Directories
mark, November 26, 2005 - 3:41 am UTC
"I spread the files over 500 subdirectories" Is there a benefit to this, other than administrative one? Especiall if you're on SAN...Where I work there used to be a standard to have /oradata01 through /oradata05 to hold the files....I changed it to just /oradata.
November 26, 2005 - 12:28 pm UTC
the limit is in the OS and the directory structure itself. Directories are themselves "files" that are read to find other files. Too many files in a directory can definitely affect file open and directory traversal operations.
Quadro, November 26, 2005 - 9:12 am UTC
Kathrin,
if you are trying to make last possible effort to minimize backup time -- consider using 10G and block change tracking feature for rman. With BCT tablespace size is virtually unrelevant (only amount of blocks changed).
Quadro, November 26, 2005 - 9:23 am UTC
Mark,
there is file system overhead issues then you have too many files in the same directory.
thanks so much
A reader, November 28, 2005 - 3:33 am UTC
Thanks so much,
for putting evidence into this. I had a bad feeling about this design from the start, but was not able to name the points exactly. With this test scenario I'll have a fair chance to get my colleagues to re-design, before we become completely doomed.
regards,
Kathrin
Number of tablespaces
SS, January 13, 2010 - 8:55 am UTC
Hi Tom,
There was a proposal on the table to move files like MS Word, excel etc out of the blobs where they are currently stored and into the OS file system. The reason was that it was getting really expensive to store GBs of data in the database.
I proposed that we consider moving the blobs into a separate tablespace and put the tablespace in a cheaper storage area. Do you think that is a valid idea?
Also, we have a multi-tenant database architecture using VPD. One of the requirements is to limit the "total size of files" per blob by customer. So, for example, consider a documents table with the structure:
(document_id number primary key,
document blob,
customer_id number foreign key references customer(customer_id))
Is there a good way to enforce a restriction that the document blob cannot exceed 20gbs / customer id?

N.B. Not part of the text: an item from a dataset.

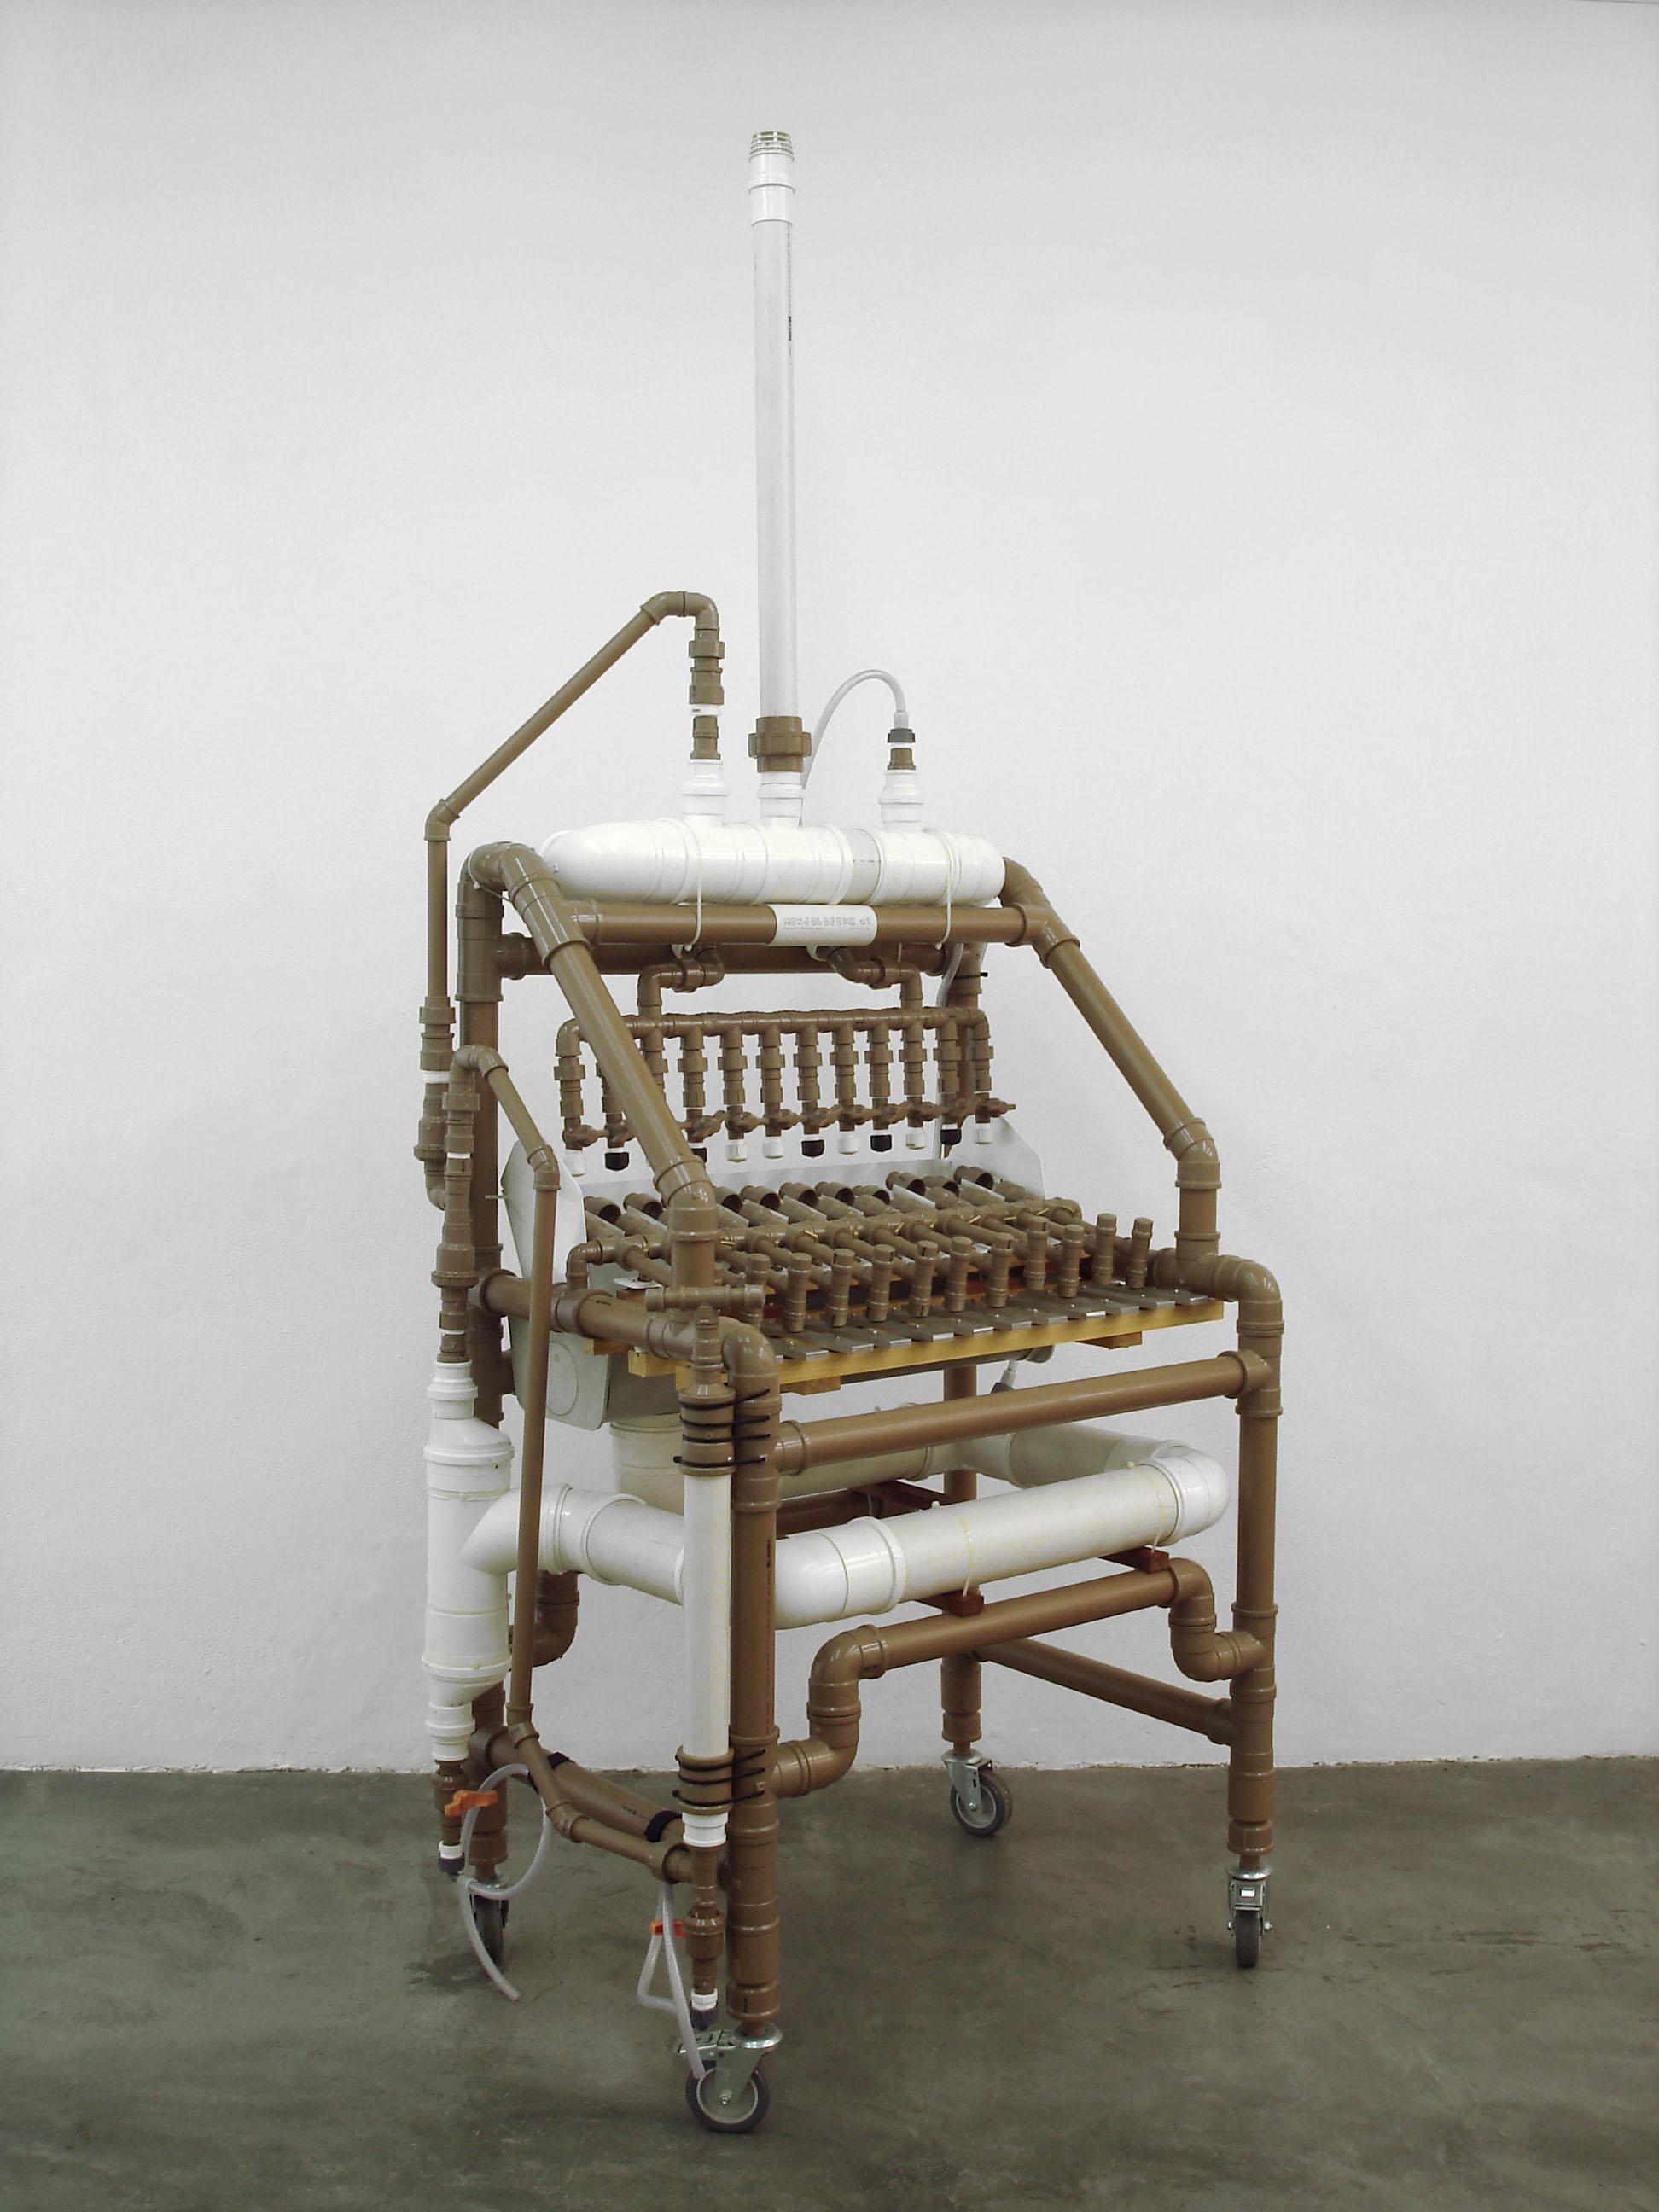 Monjolofone (2010) - Paulo Nenflidio

Also, thanks for your talk in Pittsburgh yesterday. You have a very good way of explaining things.
January 18, 2010 - 4:25 pm UTC
.. The
reason was that it was getting really expensive to store GBs of data in the
database.
...
and storing them in the file system will solve this how? If you want to talk expensive - explain what happens when someone does an "rm" - you know, to free up some space. Sure you can restore from backups (maybe) but can you do so consistently? with respect to the database?
What about security - how are you going to give the level of protection in the file system you have in the database?
and more.
Especially given your multi-tenant approach - security and recoverability might be relevant - your customers might expect that.
For the 20gb/customer, I'd probably use a materialized view/summary table to hold the output of a summation by customer id. Maybe that would be in the background (so as to not affect the current application) and when they exceeded 20gb - you would have a flag set that would prevent future inserts.
You might (*MIGHT*) consider storing the file size as an attribute - not referencing dbms_lob.getlength() - since getlength would actually read the blob to figure that out. If you know the length when you add the document compute it once) maintaining the aggregate is a very "low impact" thing to do.
Thank you
SS, January 19, 2010 - 9:54 am UTC
expansion on direcory file counts
Mathew, May 29, 2016 - 5:13 pm UTC
As Tom stated, the directories are a file, however one thing to keep in mind that it's a special file that the kernel file system driver assumes would be able to fit cleanly into a very small portion of ram. Once a folder gets a given amount of files (in my environment it was 50,000 files) ls -l and other stat operations in the folder start to take exponentially longer (seconds, minutes, hours). In addition the directory is a flat file database, thus it doesn't "shrink" and keeps a high water mark of the total size until you either delete and recreate the folder or use a third party tool to reclaim the directory blocks. Each file system handles these differently, but the ramifications are the same across all of them.
May 30, 2016 - 5:15 am UTC
Good input.
A "common" problem people have in this area is if they dont clean up their standard audit files (*.aud). Once you get tens of thousands of these, any operation (eg connect) that needs to write an audit file tends to slow down badly.